Your task: Output the line containing "Armchair with Geometric" and each line after it through the end of the data, exactly as written, with pictures left out.

Supplied information:
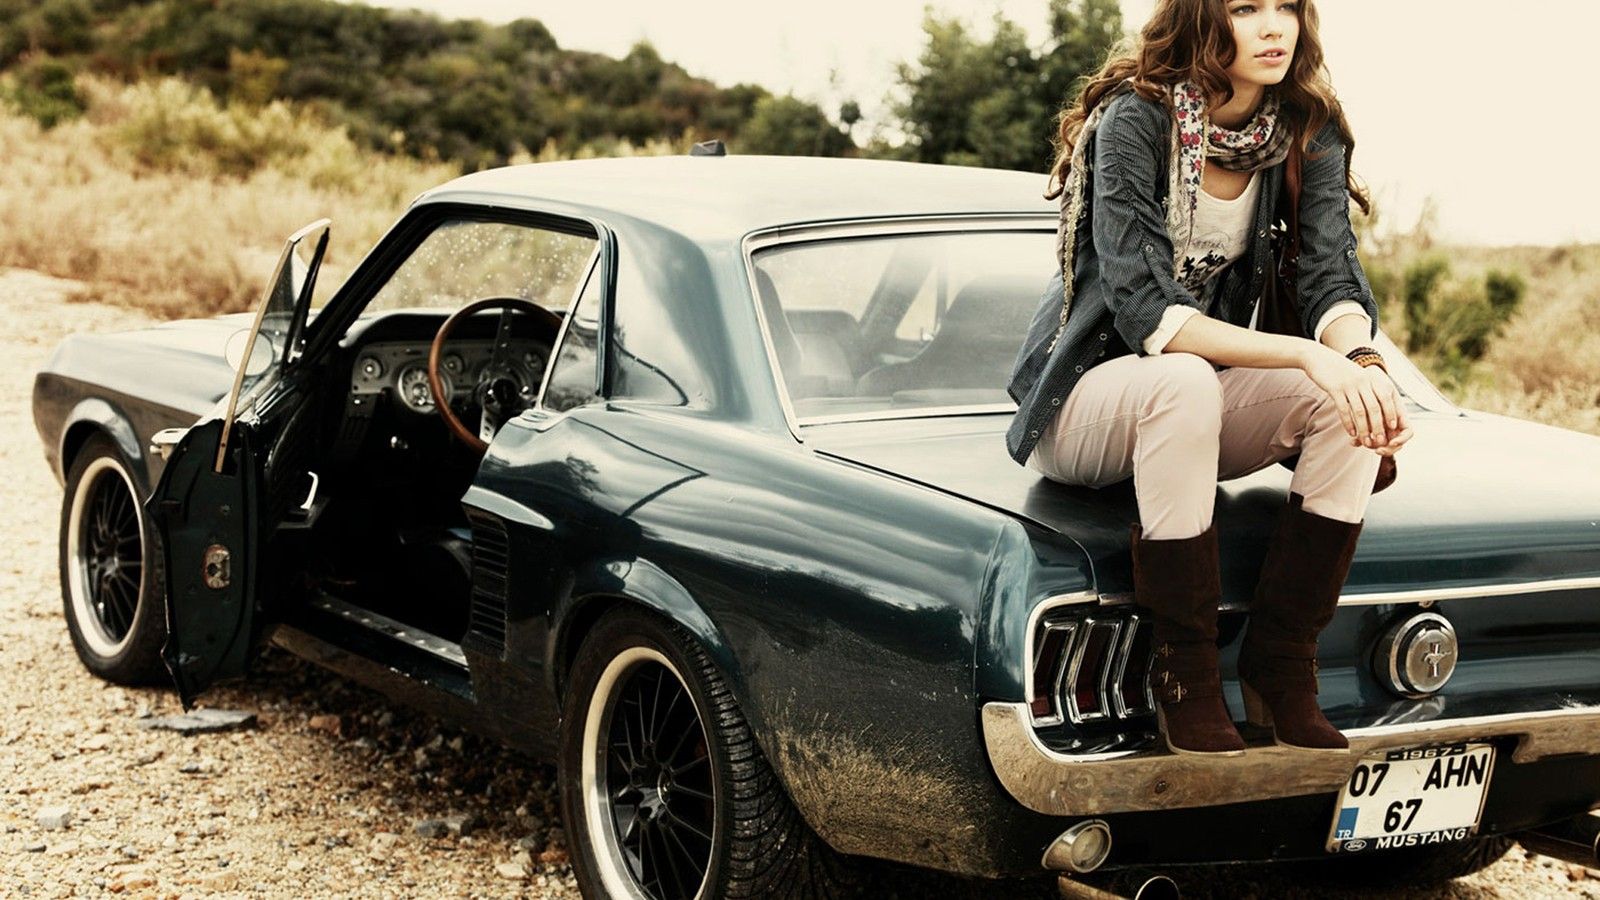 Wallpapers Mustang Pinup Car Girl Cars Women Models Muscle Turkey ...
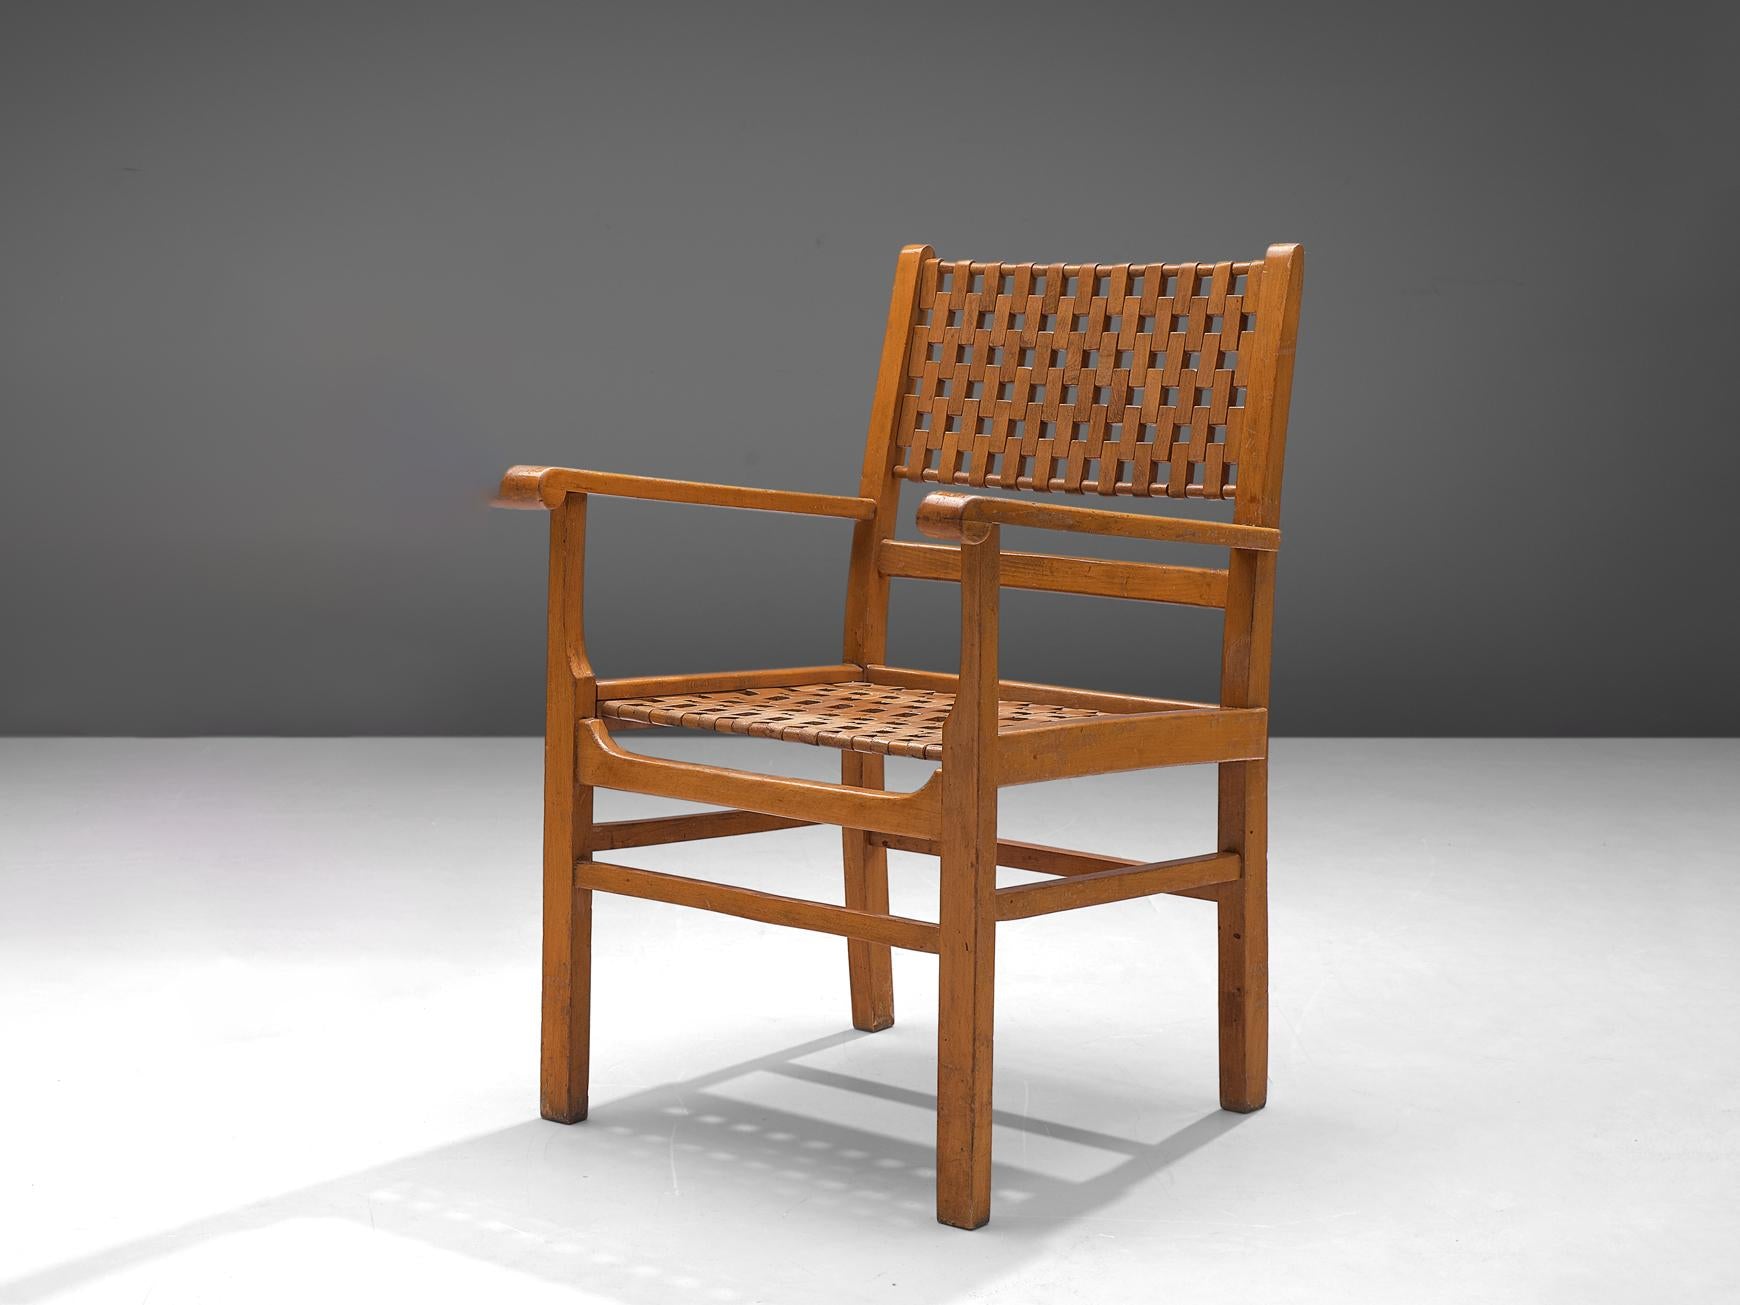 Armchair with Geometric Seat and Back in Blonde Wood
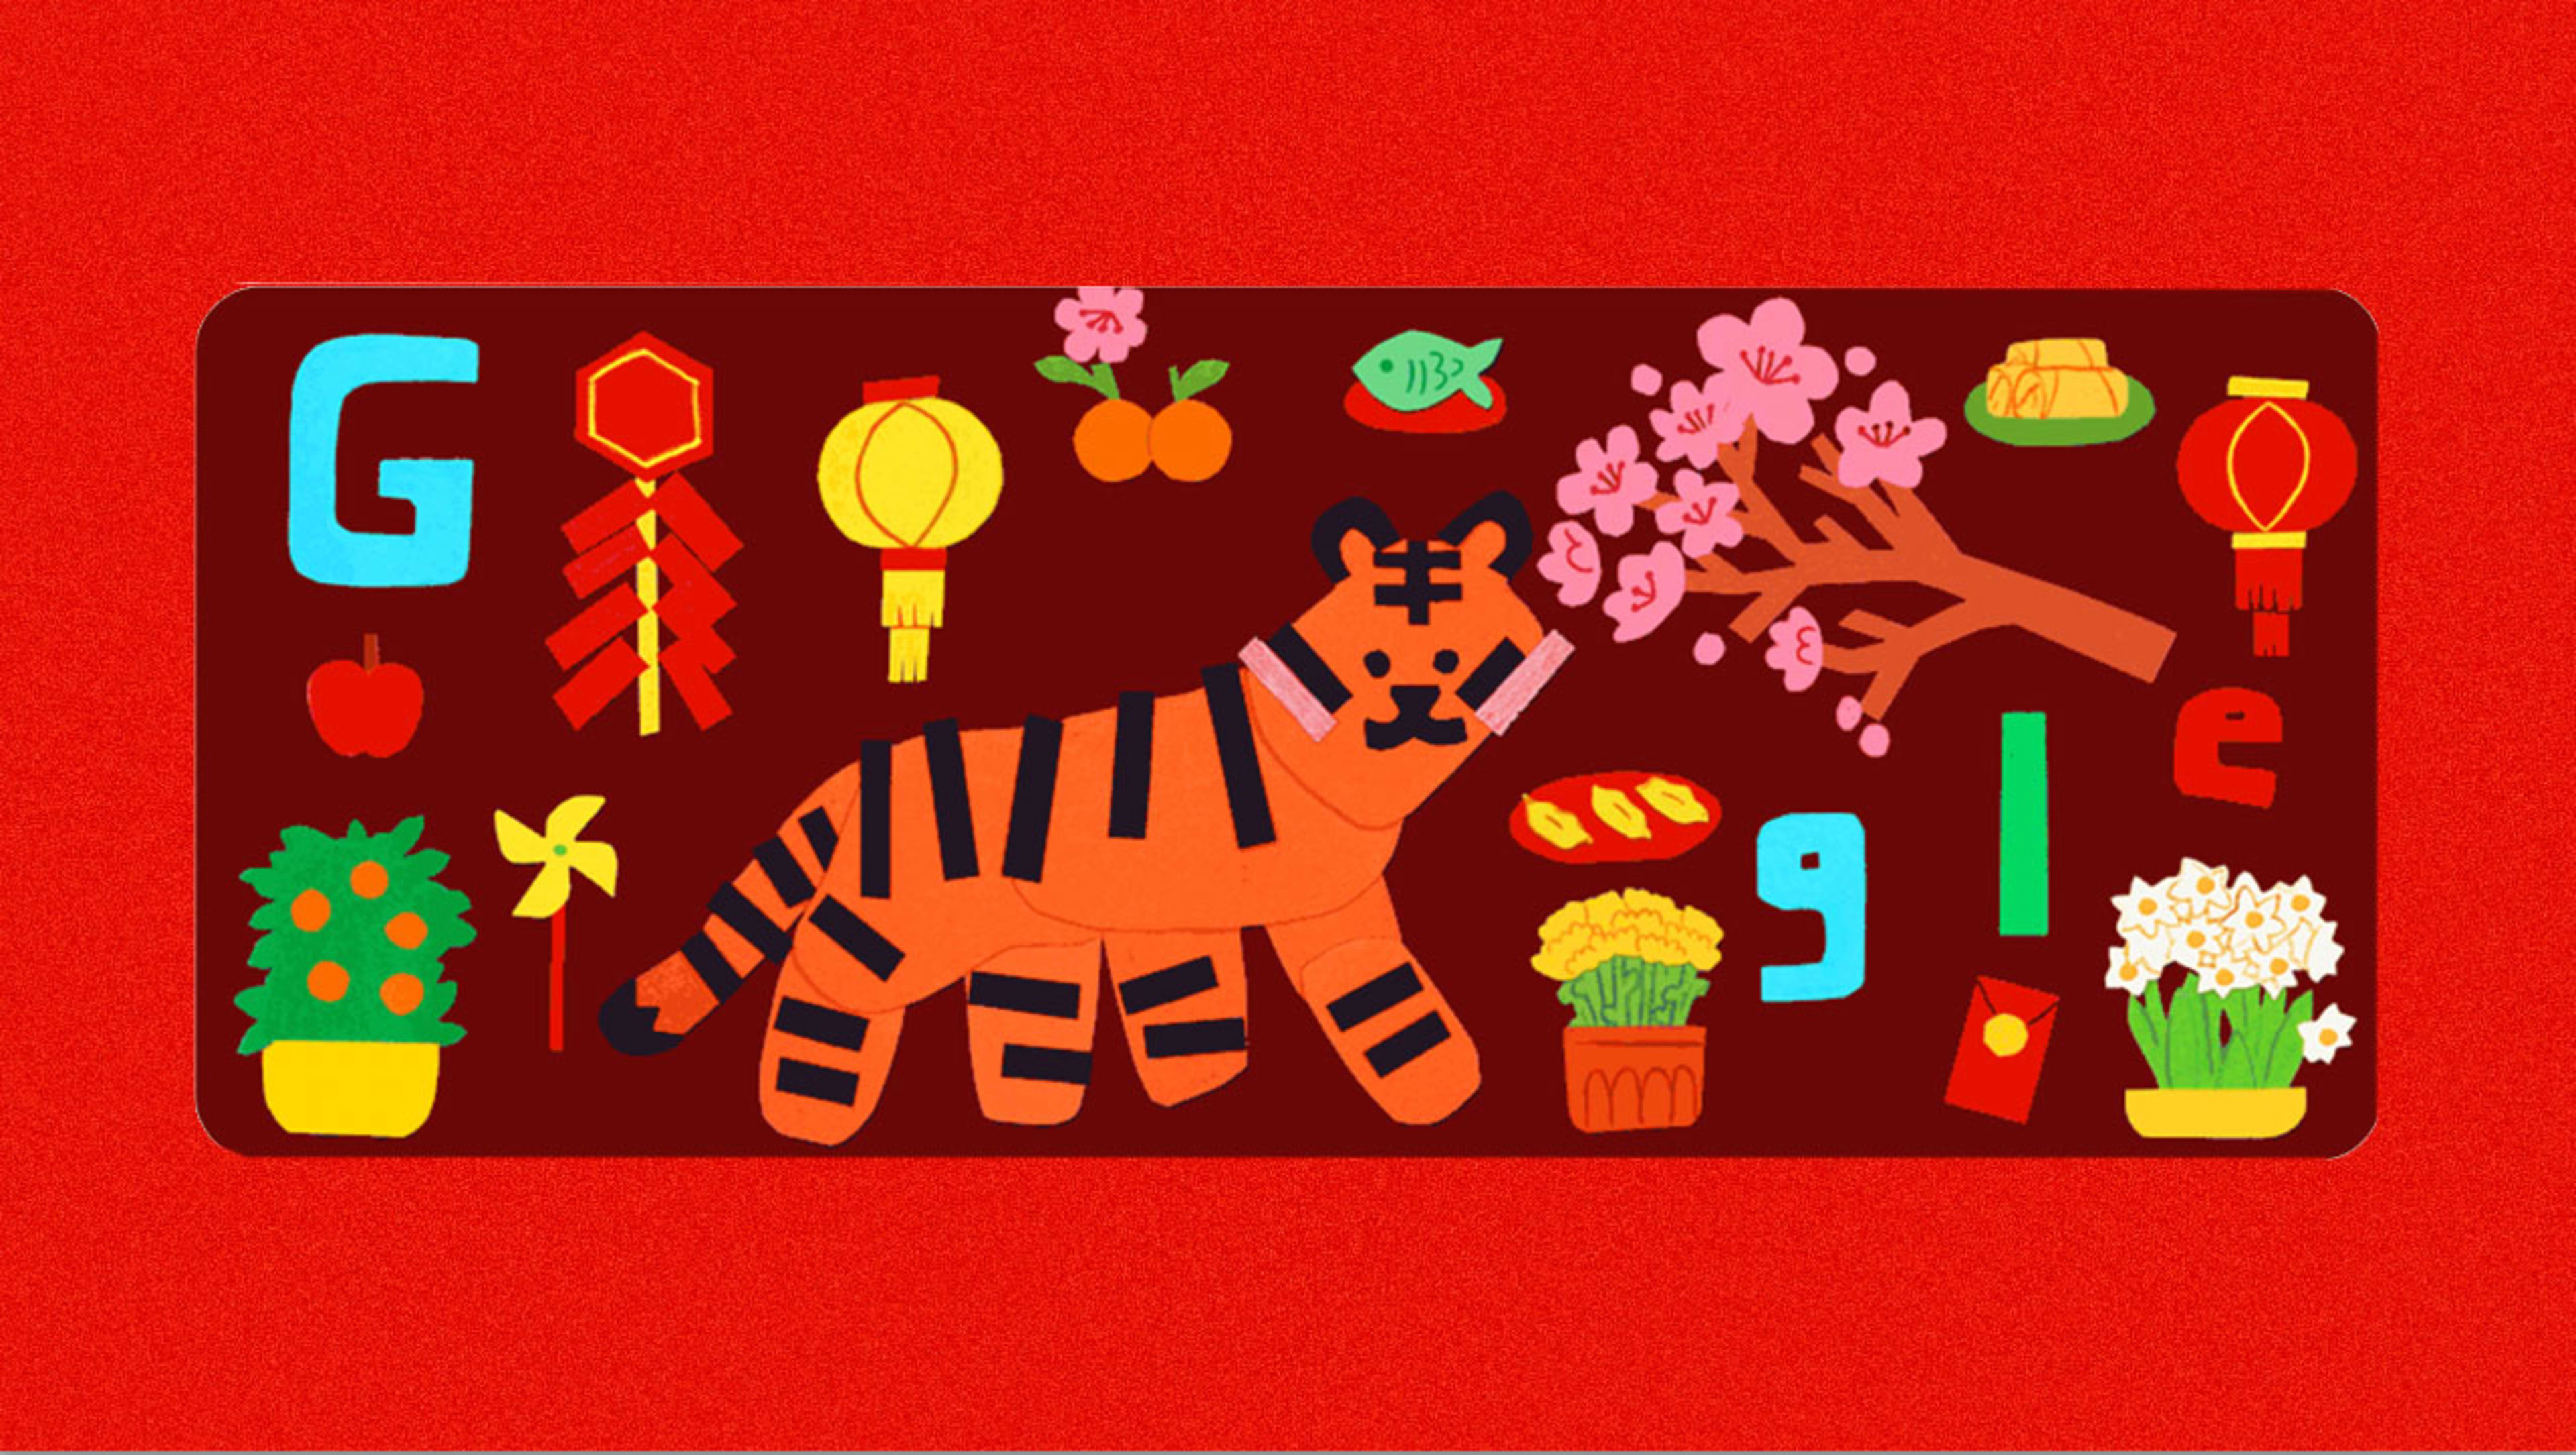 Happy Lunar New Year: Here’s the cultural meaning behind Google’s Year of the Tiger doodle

Output for this task:
 Armchair with Geometric Seat and Back in Blonde Wood
 Happy Lunar New Year: Here’s the cultural meaning behind Google’s Year of the Tiger doodle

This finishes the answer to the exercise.